---------- MATERIAL PROVIDED

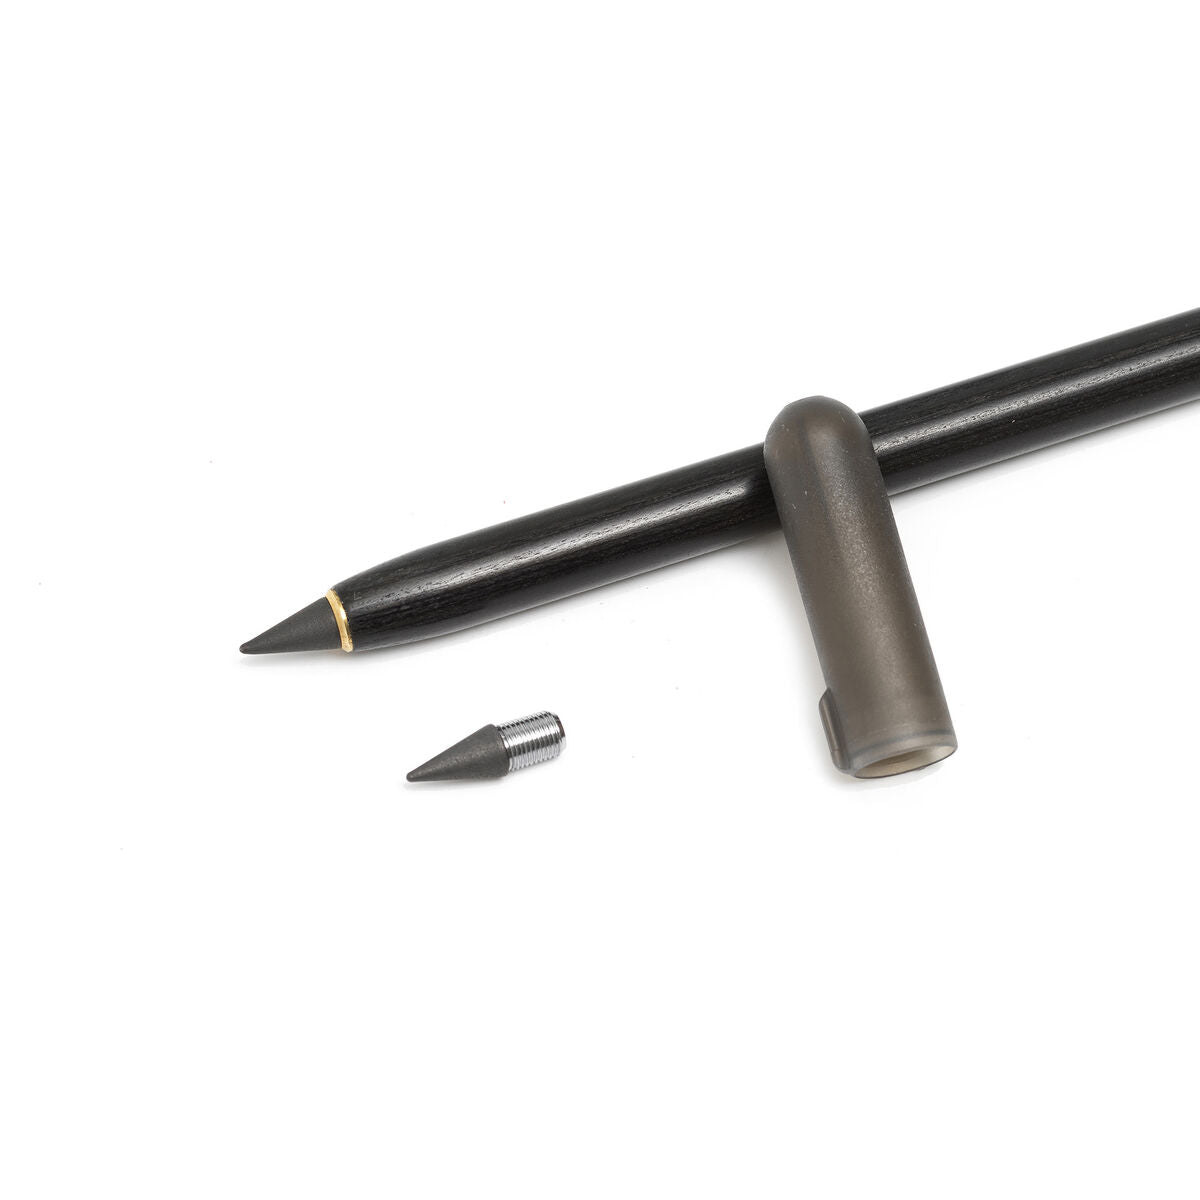 Stationery | Legami Magic Pencil by Weirs of Baggot Street
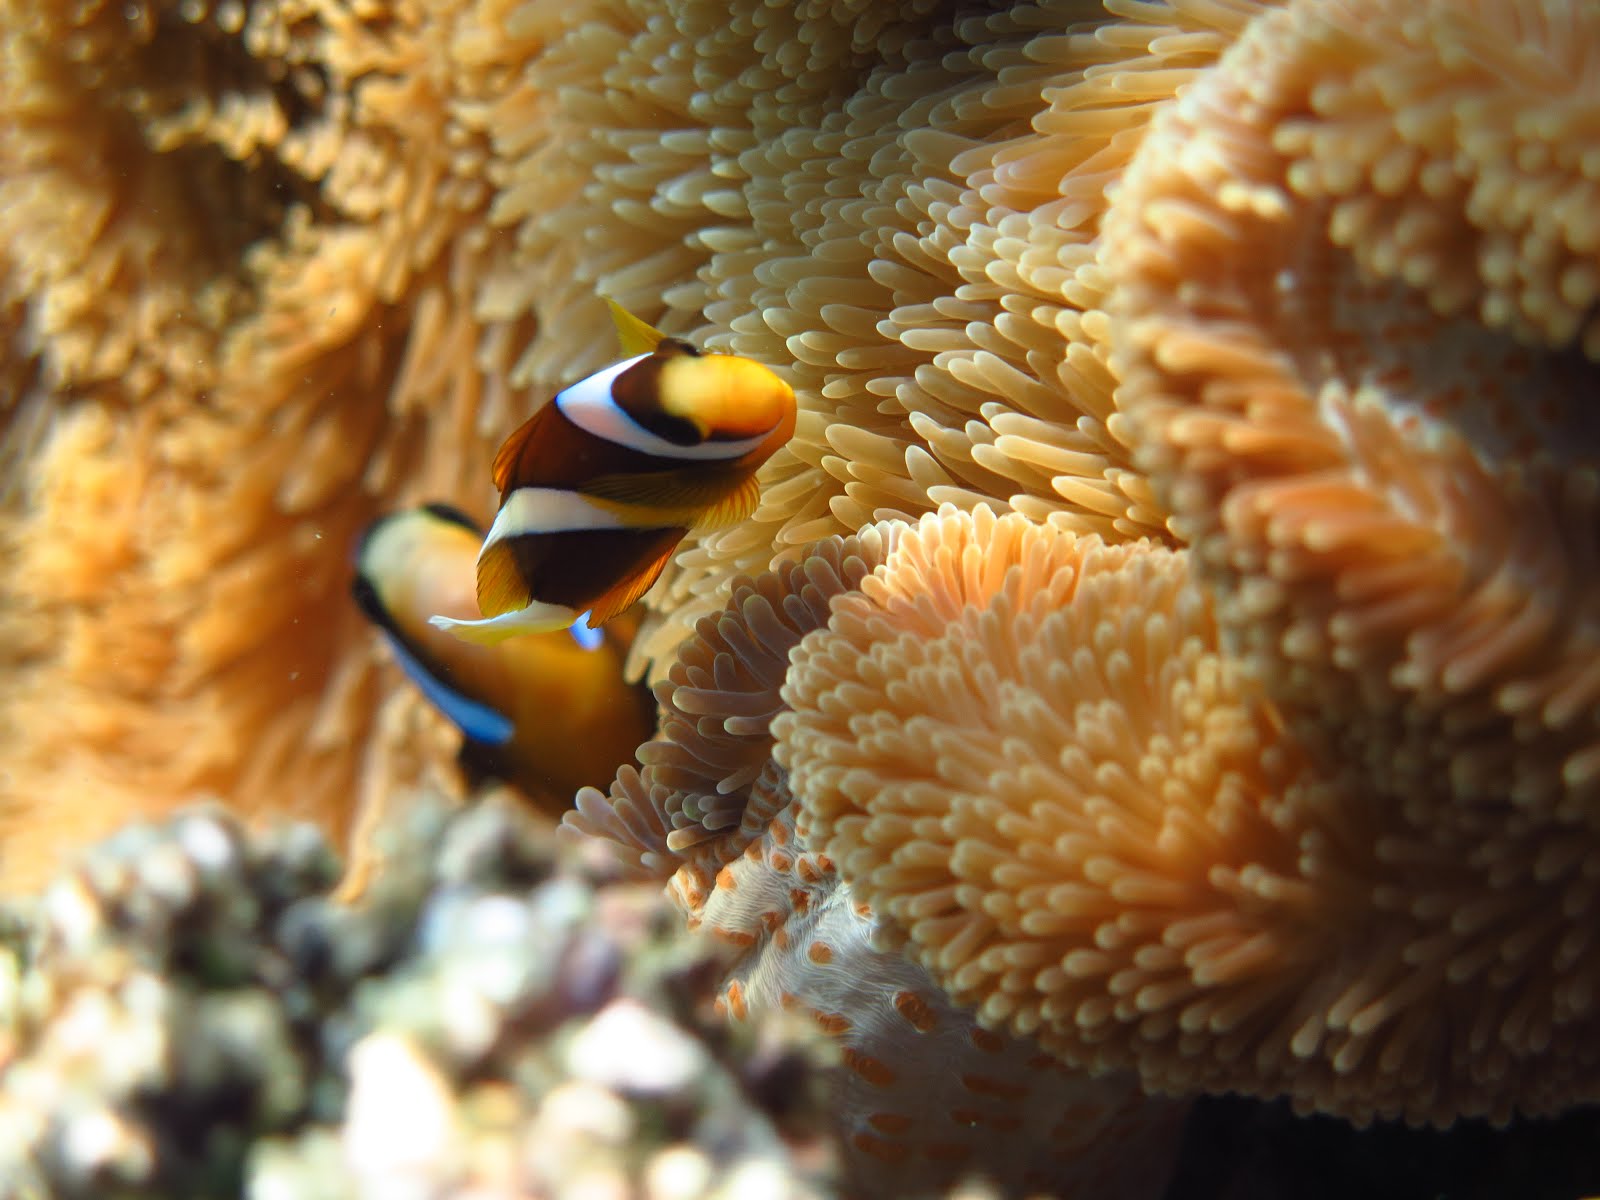 Nemo's cousin - A Great Barrier Reef Anemone Fish
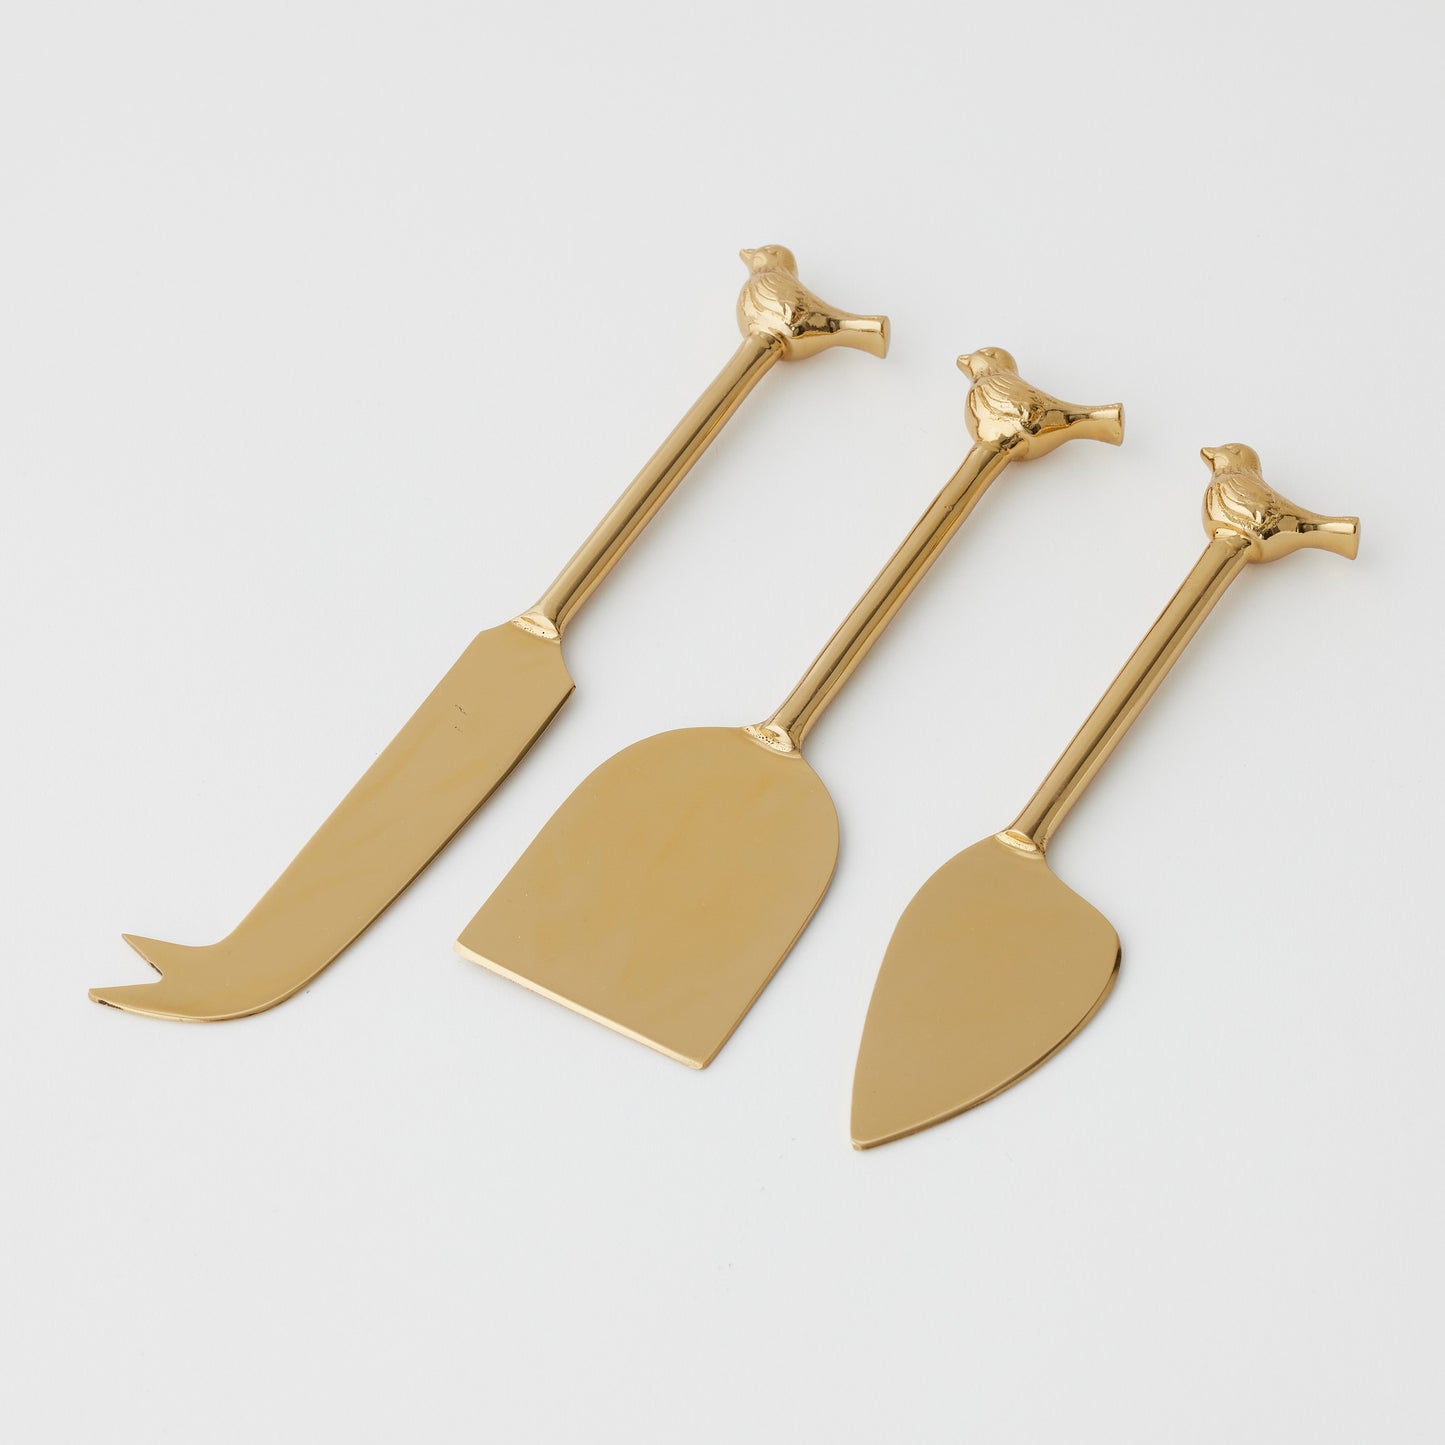 Cheese Knives Set of 3 | Birds
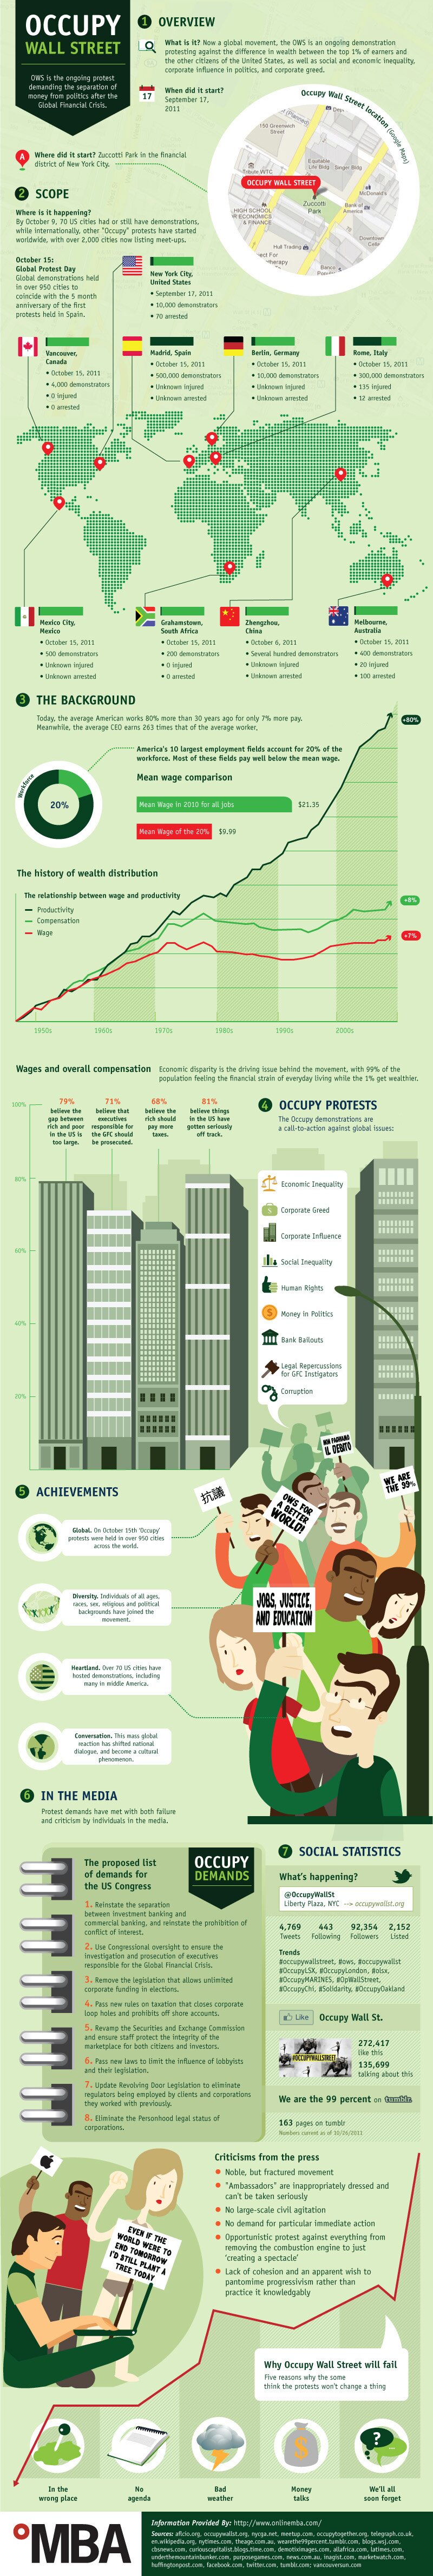 Global-Impact-of-Occupy-Wall-Street

--------------------

*YOUR ASSIGNMENT*.
Reproduce the whole listing verbatim and keep all pictures out of it.

*TASK OUTPUT*.
 Stationery | Legami Magic Pencil by Weirs of Baggot Street
 Nemo's cousin - A Great Barrier Reef Anemone Fish
 Cheese Knives Set of 3 | Birds
 Global-Impact-of-Occupy-Wall-Street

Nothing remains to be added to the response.